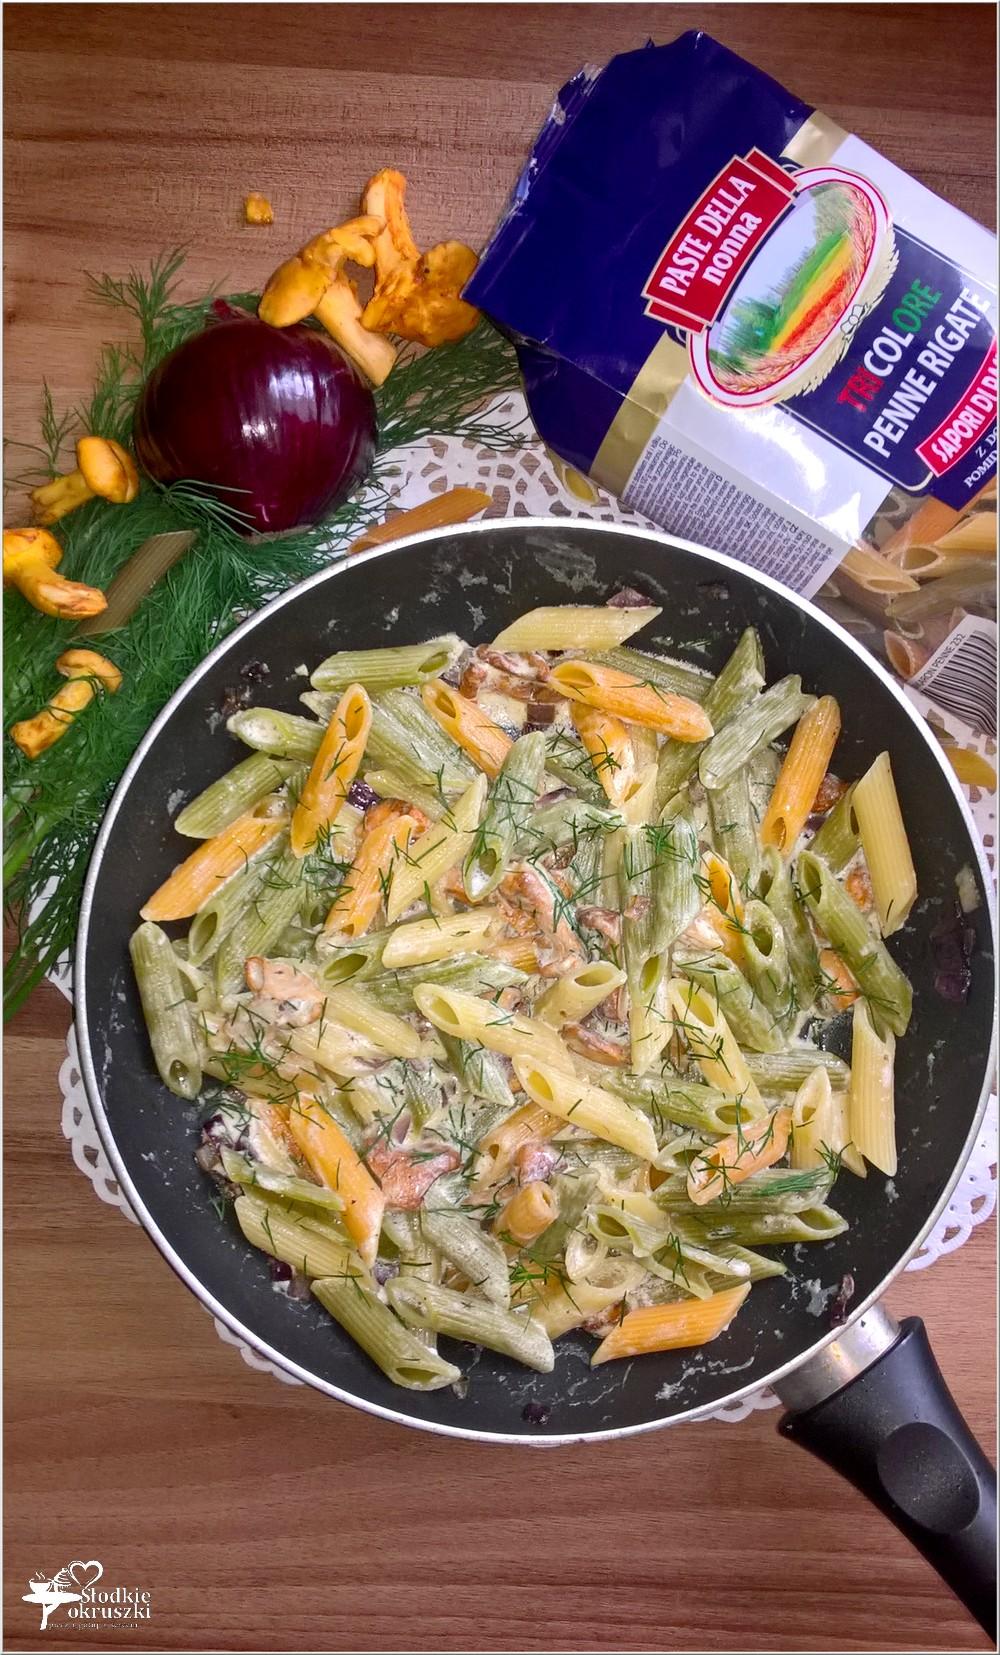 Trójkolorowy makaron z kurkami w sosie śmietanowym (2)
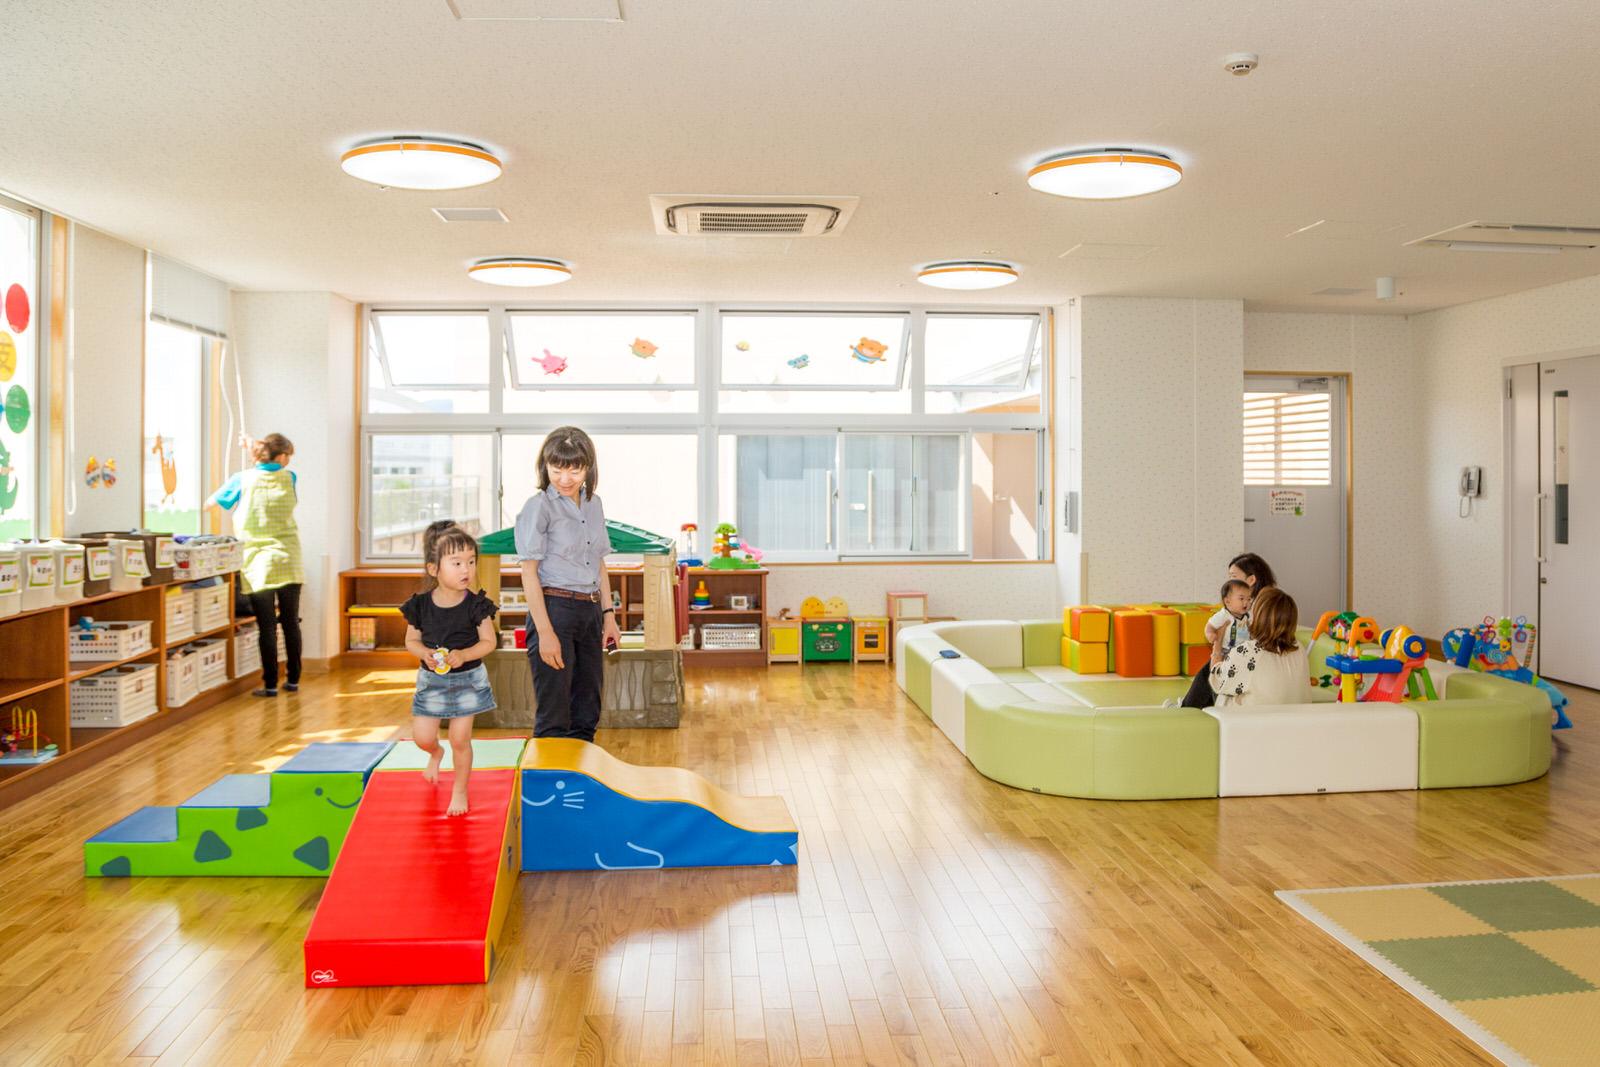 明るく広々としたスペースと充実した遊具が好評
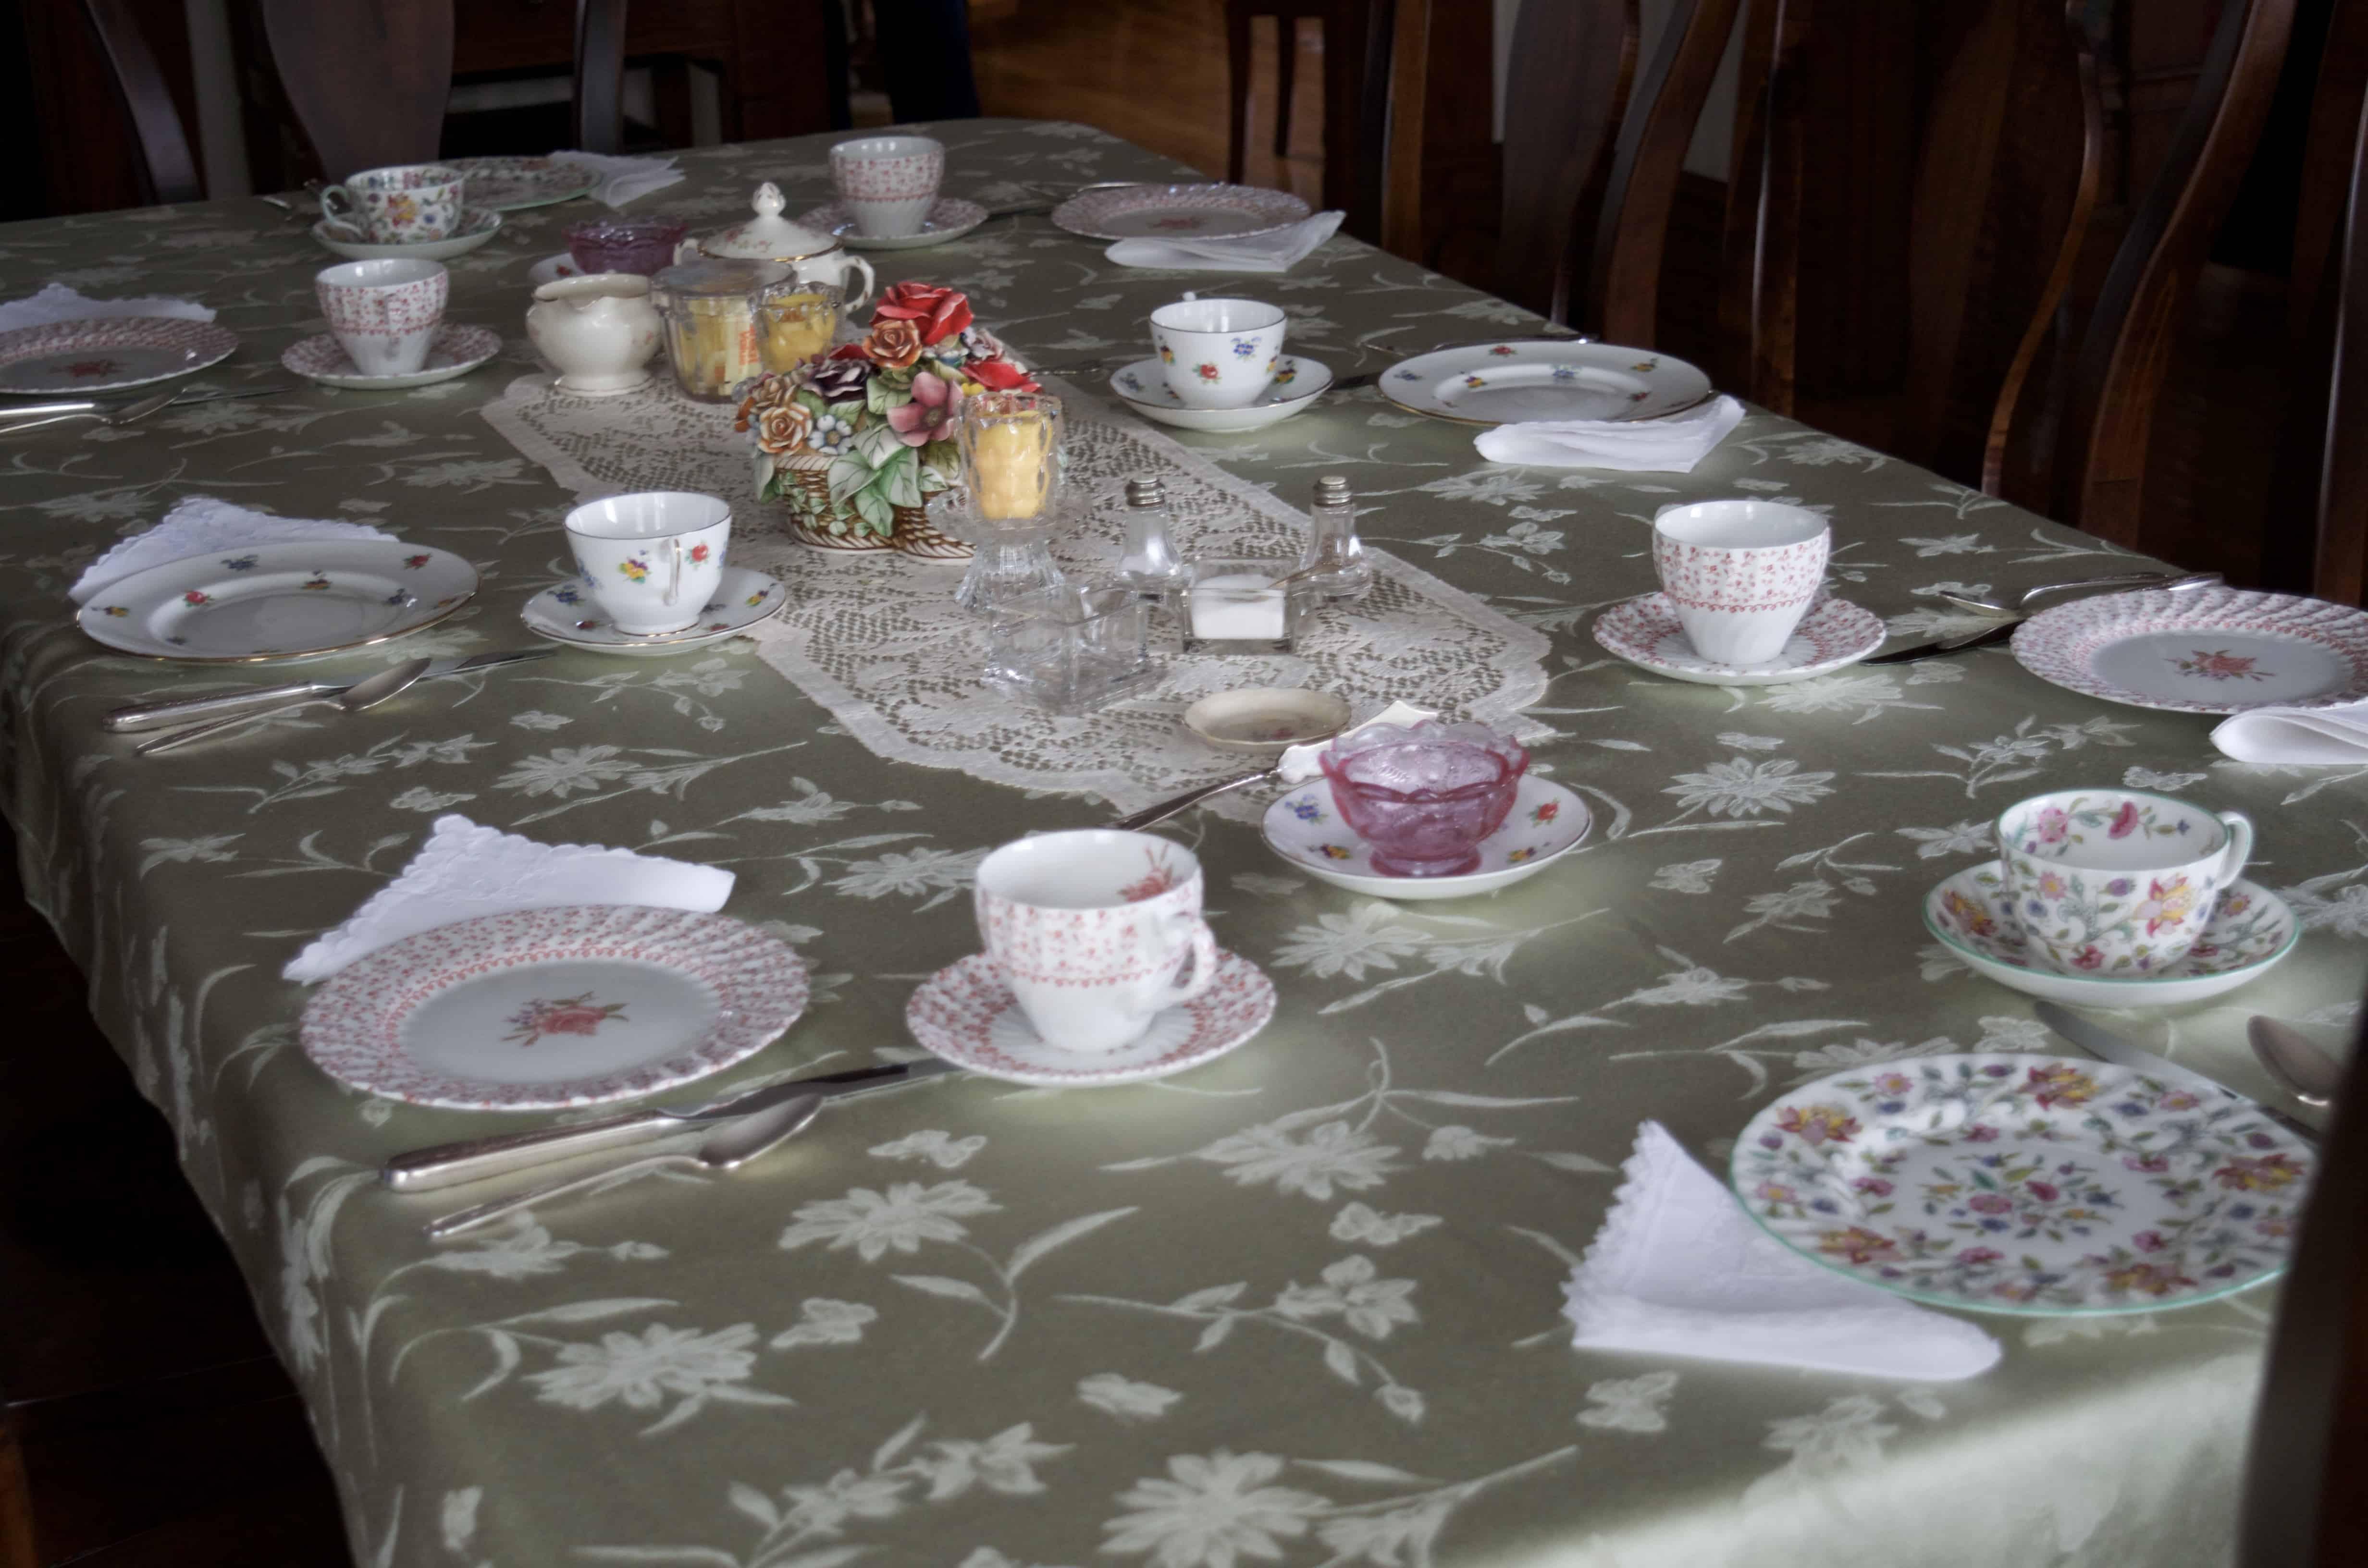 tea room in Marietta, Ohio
+ + + + + + +
▶ [ACTIVITY]
Write out every line above exactly as it is, leaving out the pictures.

▶ [WORKED SOLUTION]
 Trójkolorowy makaron z kurkami w sosie śmietanowym (2)
 明るく広々としたスペースと充実した遊具が好評
 tea room in Marietta, Ohio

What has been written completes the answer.